Only lines, not pictures: please repeat exactly the lines from the one with "Odlar sojabönor, närbild" through the end of the listing.

__Provided data__.
......
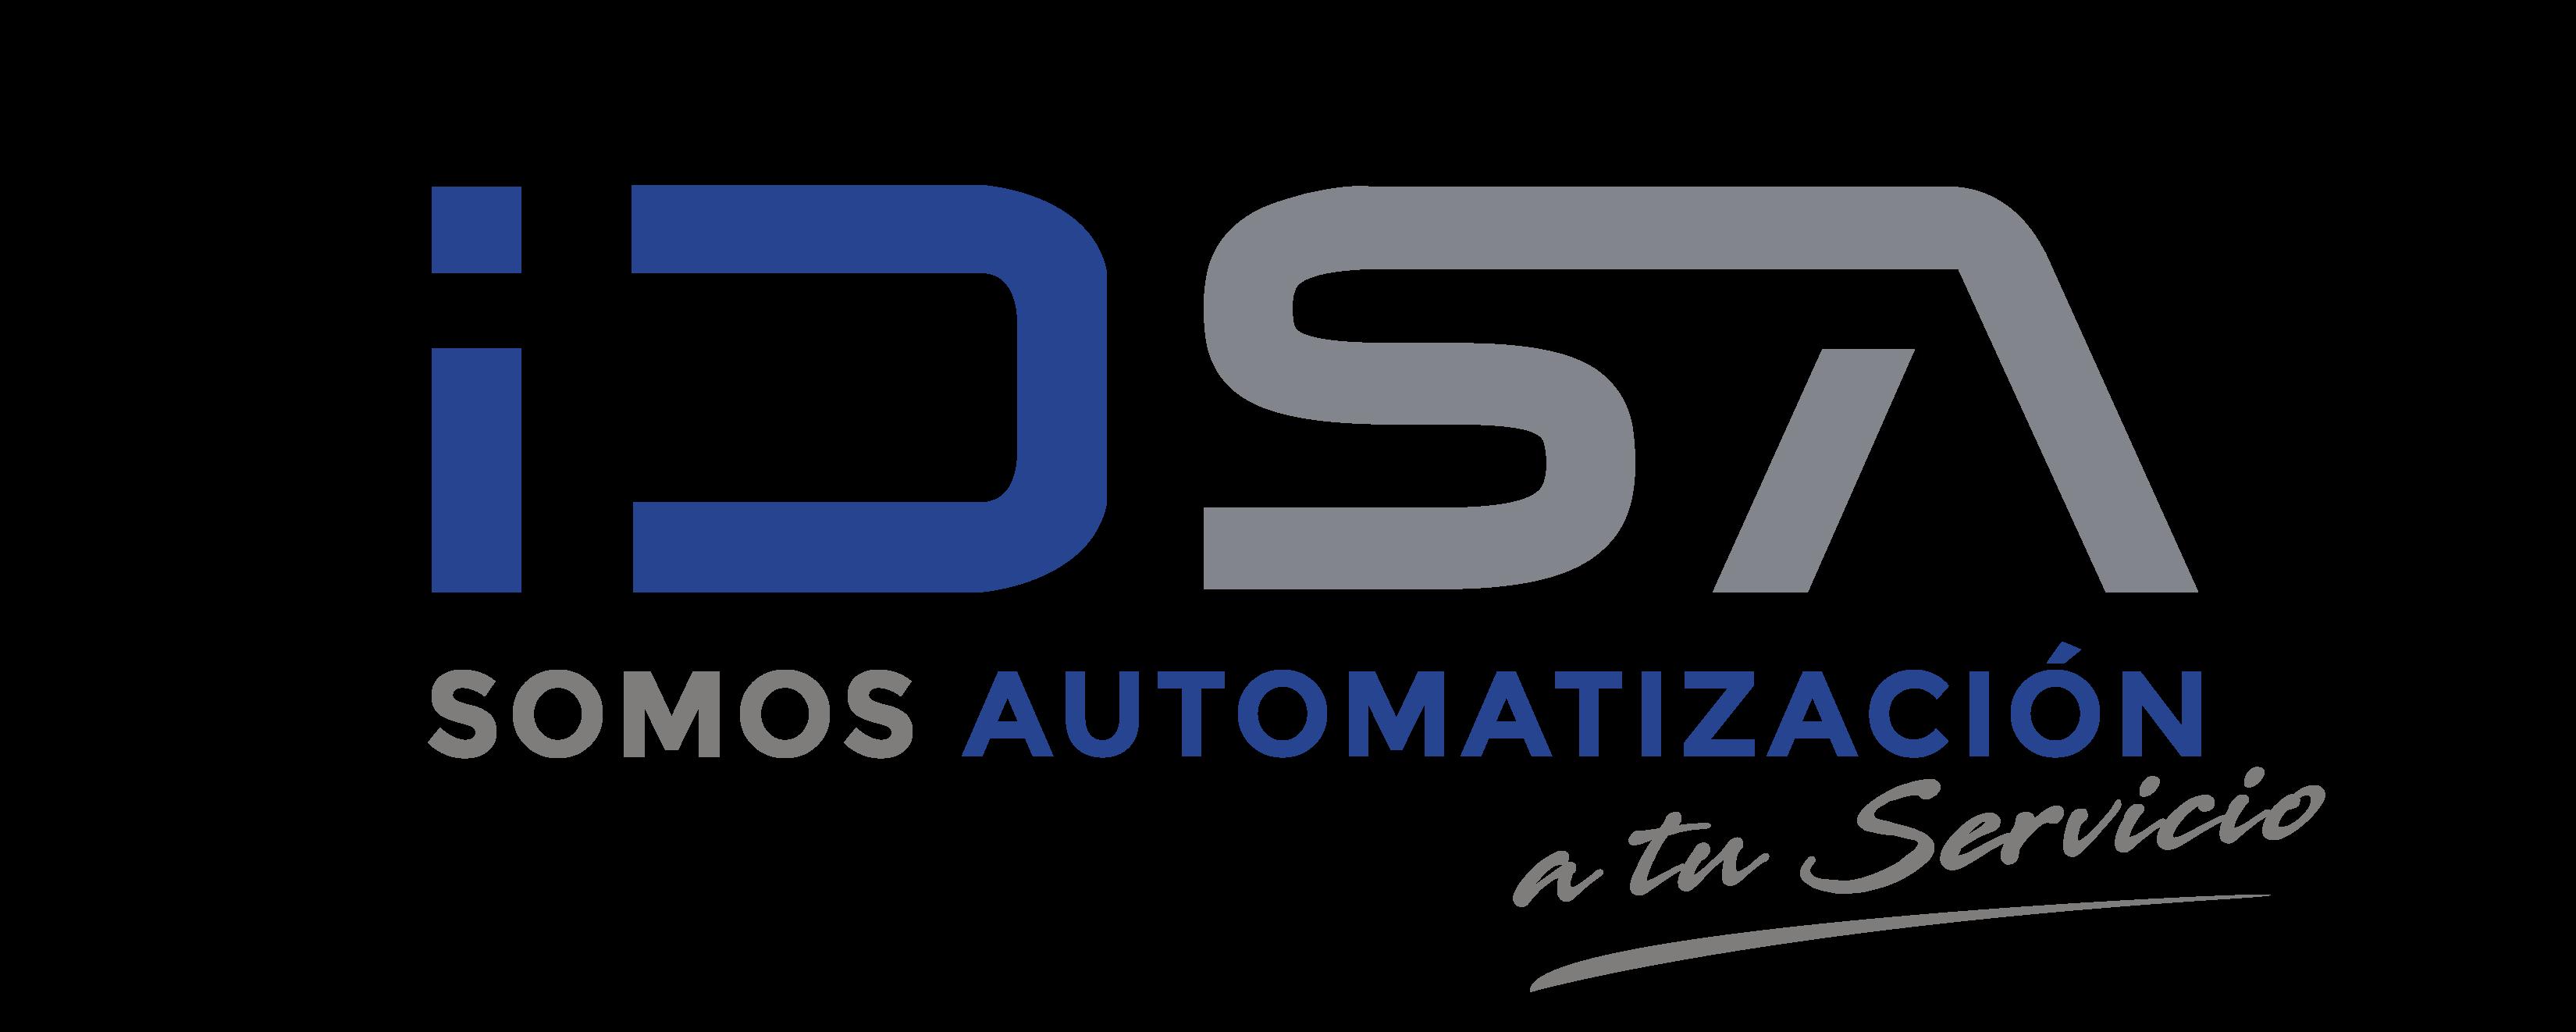 Automatización en El Salvador
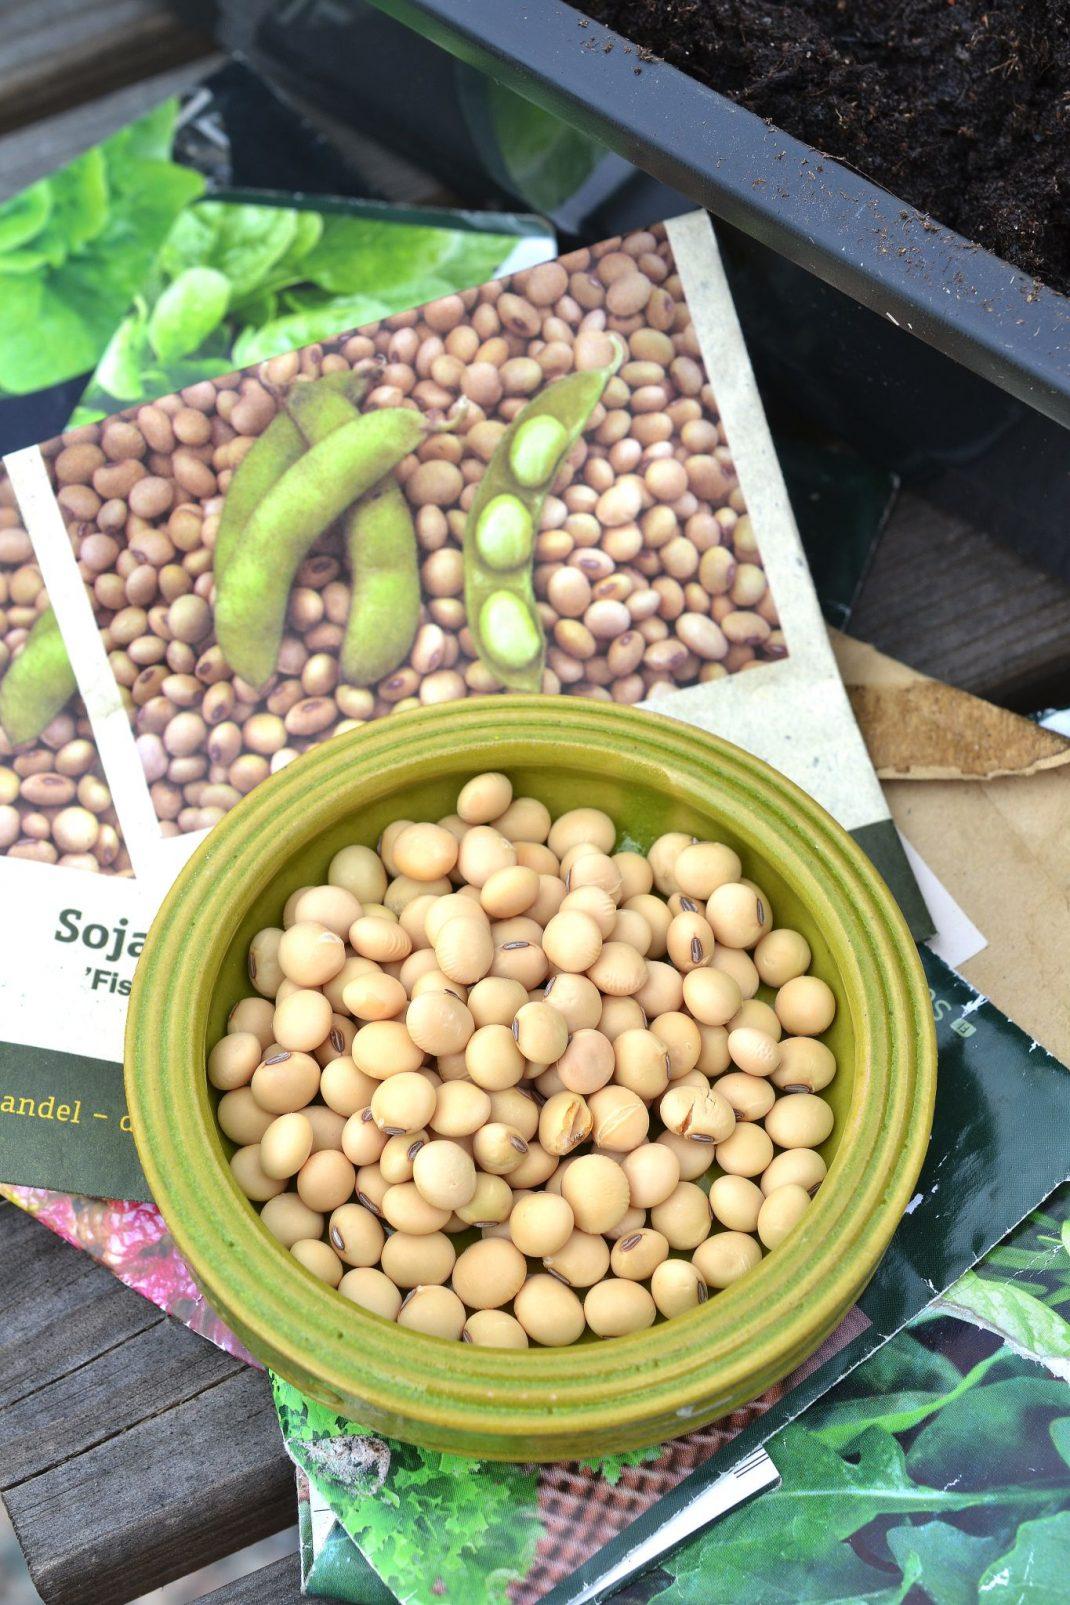 Odlar sojabönor, närbild på ljusa bönor i en grön skål.
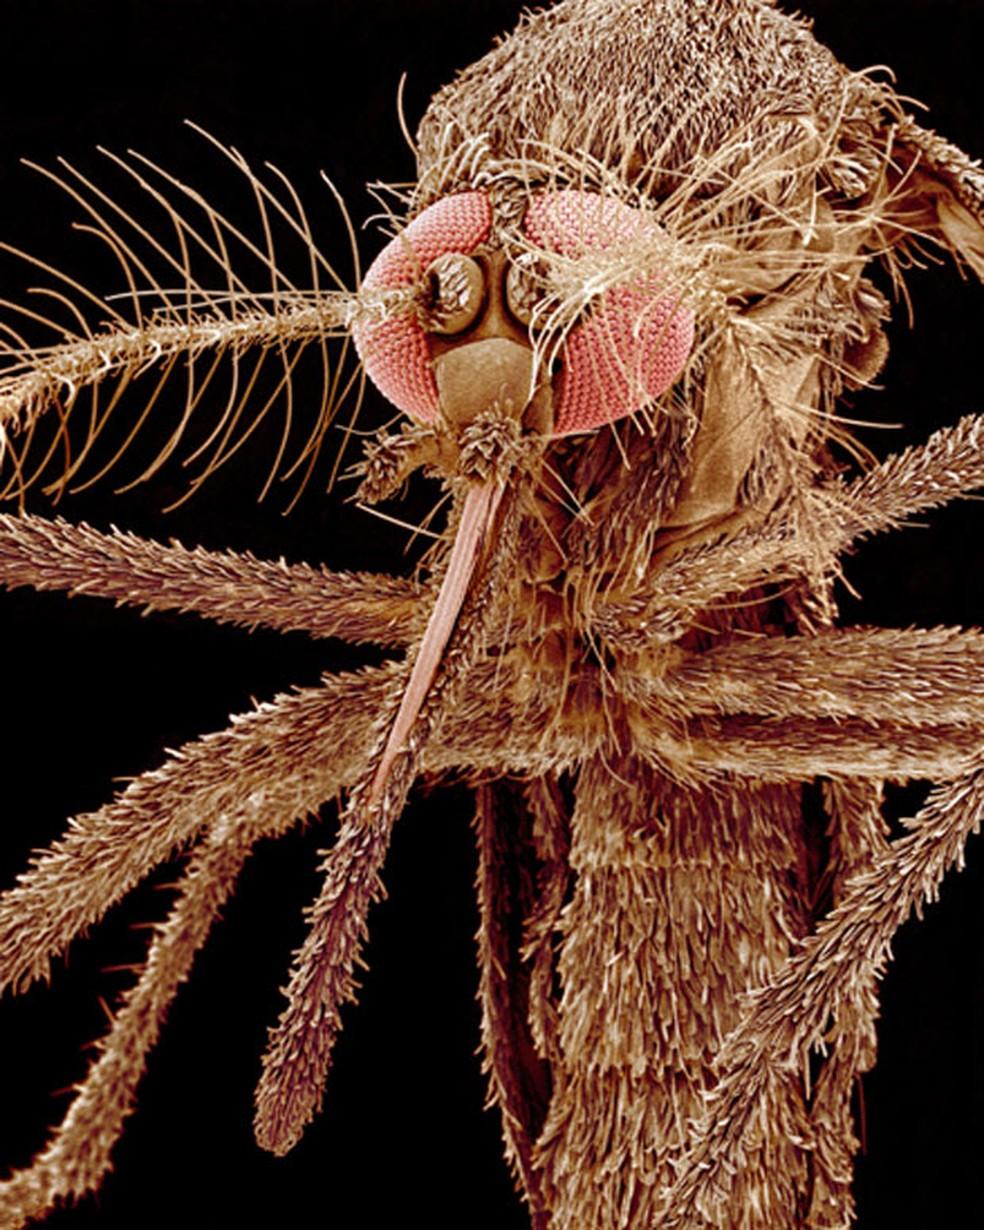 Originário das áreas tropicais e subtropicais da Asia, Aedes albopictus se espalhou por vários países do mundo (Foto: SPL/Barcroft Media /Sinclair Stammers)
......
__The completed task__.
 Odlar sojabönor, närbild på ljusa bönor i en grön skål.
 Originário das áreas tropicais e subtropicais da Asia, Aedes albopictus se espalhou por vários países do mundo (Foto: SPL/Barcroft Media /Sinclair Stammers)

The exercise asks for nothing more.